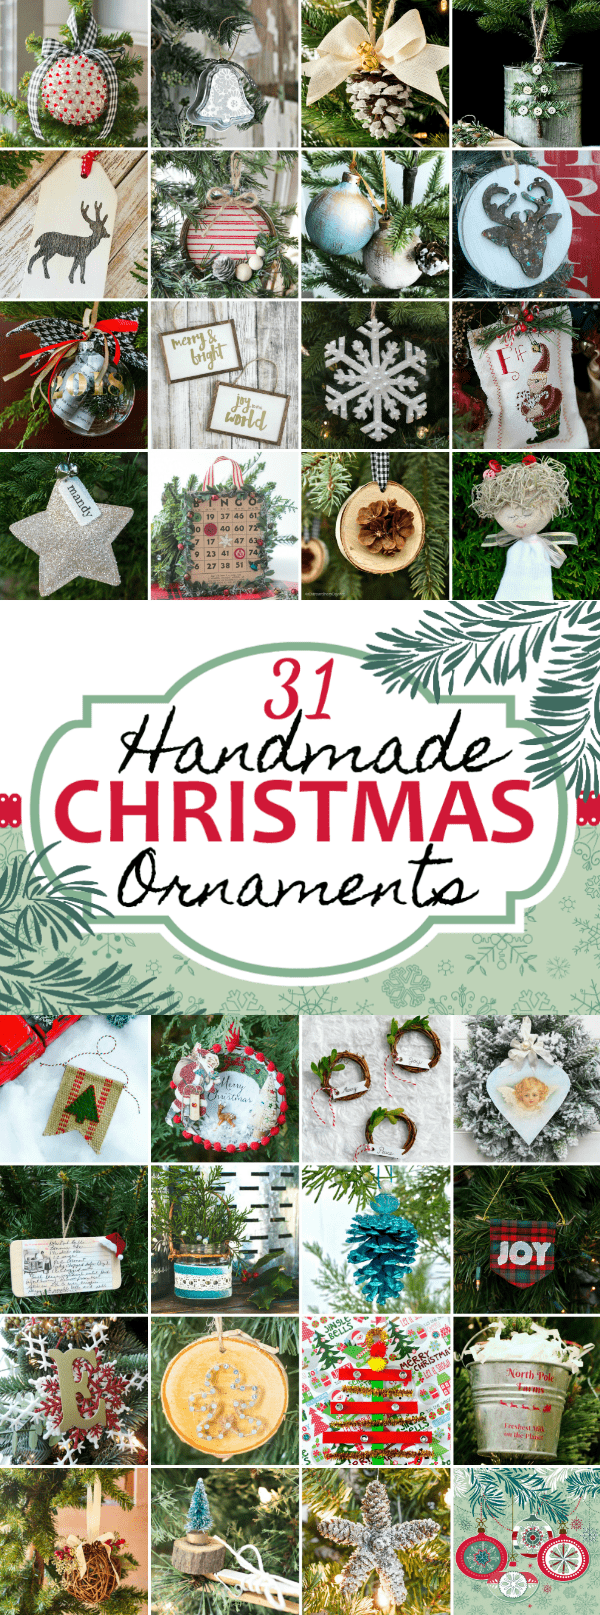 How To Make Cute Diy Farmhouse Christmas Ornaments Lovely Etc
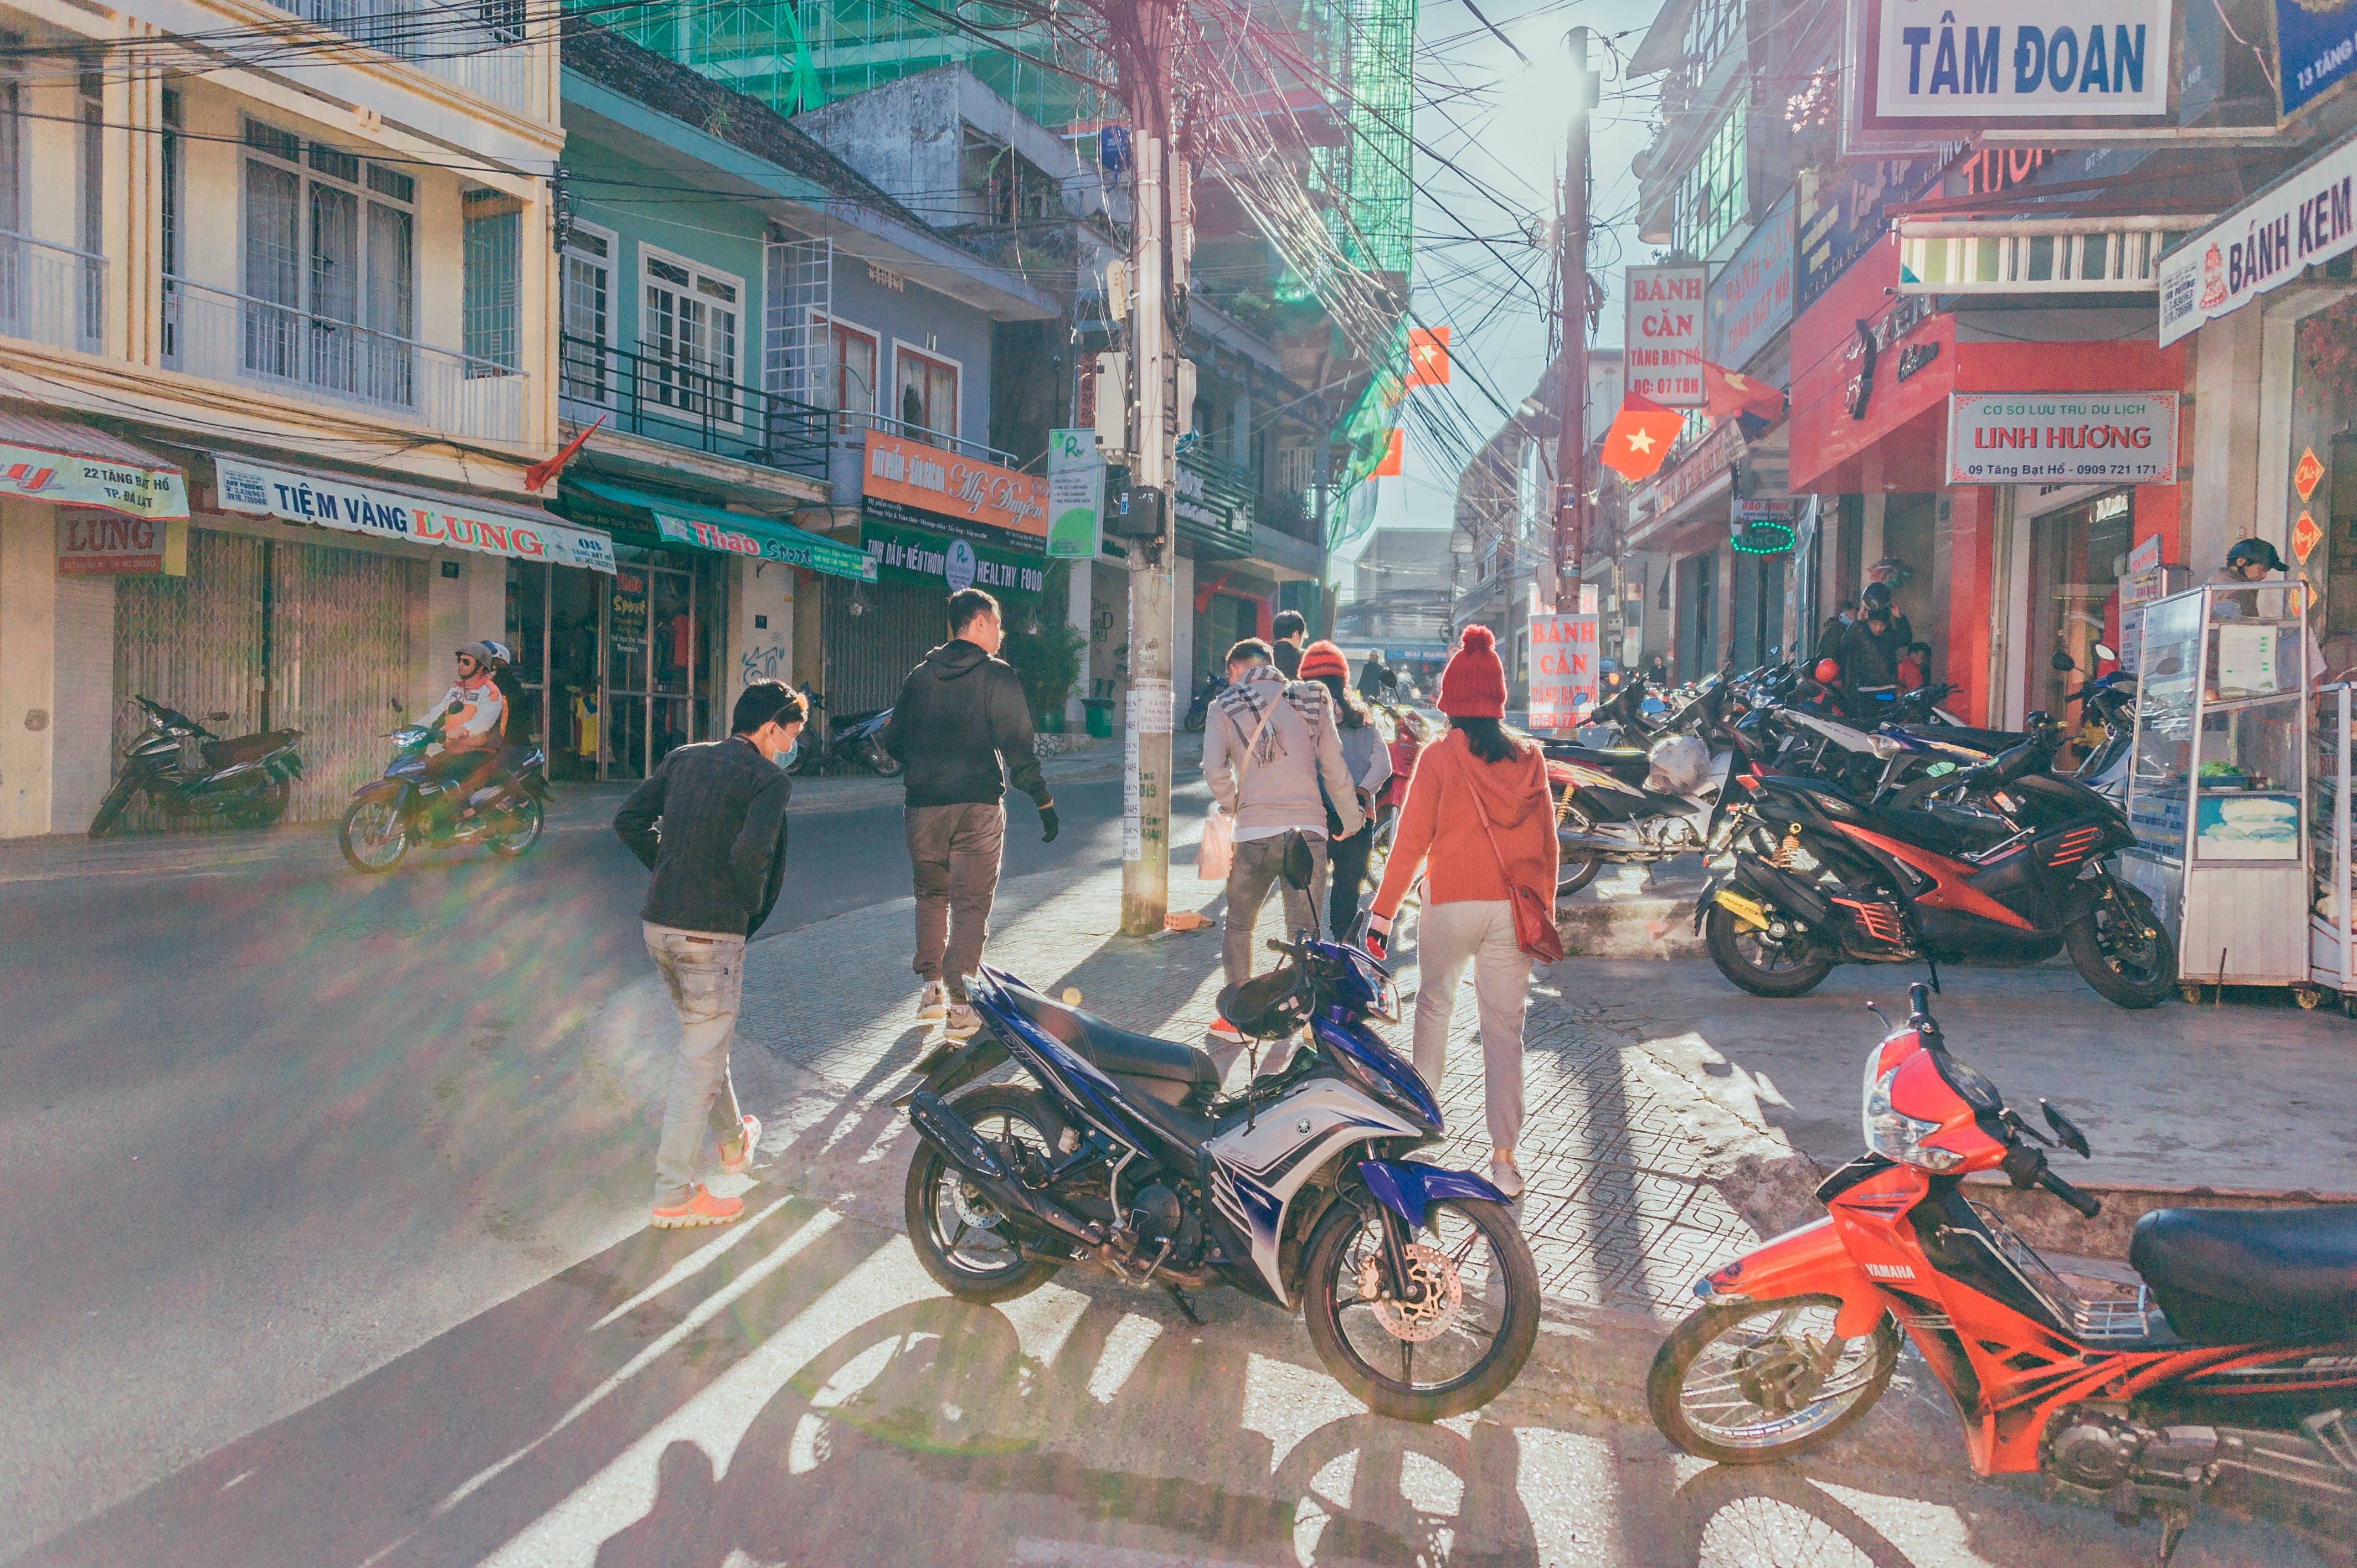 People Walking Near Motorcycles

==

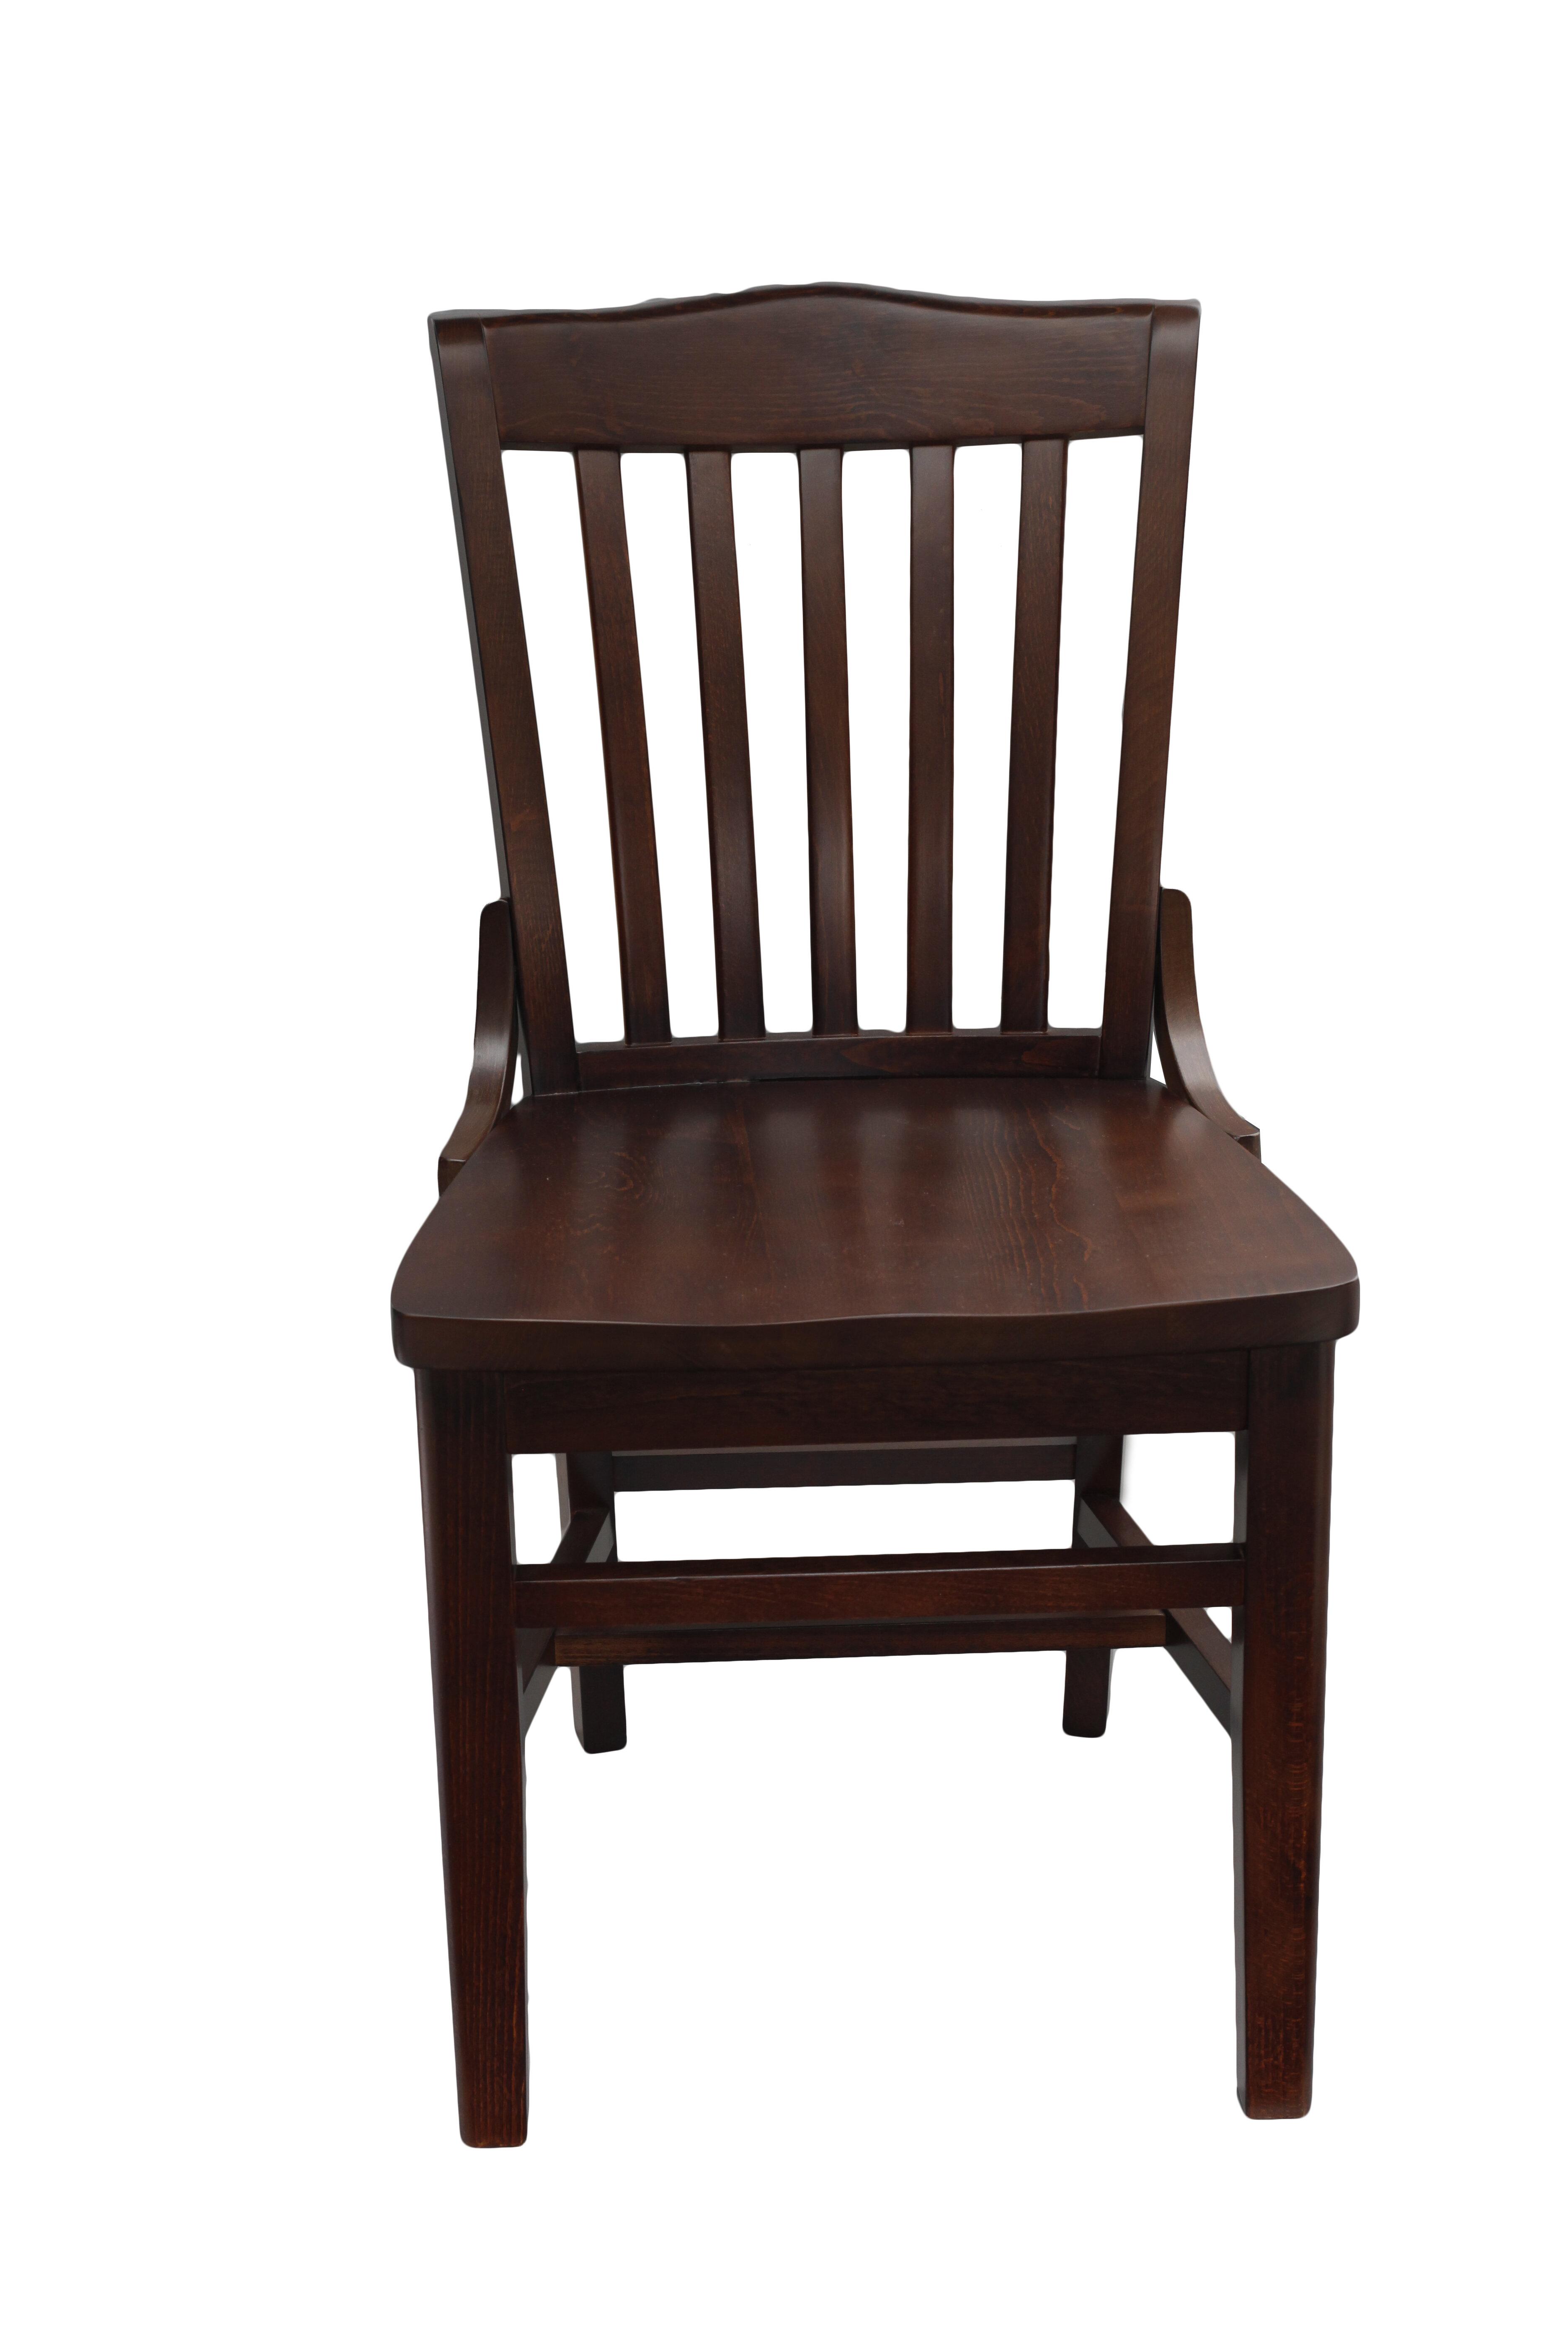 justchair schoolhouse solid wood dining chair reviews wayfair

Task ▸
In the records above, find the line with "How To Make" and the line with "People Walking Near Motorcycles". Write out exactly those lines and every one between, with no pictures and no other lines.

The answer ▸
 How To Make Cute Diy Farmhouse Christmas Ornaments Lovely Etc
 People Walking Near Motorcycles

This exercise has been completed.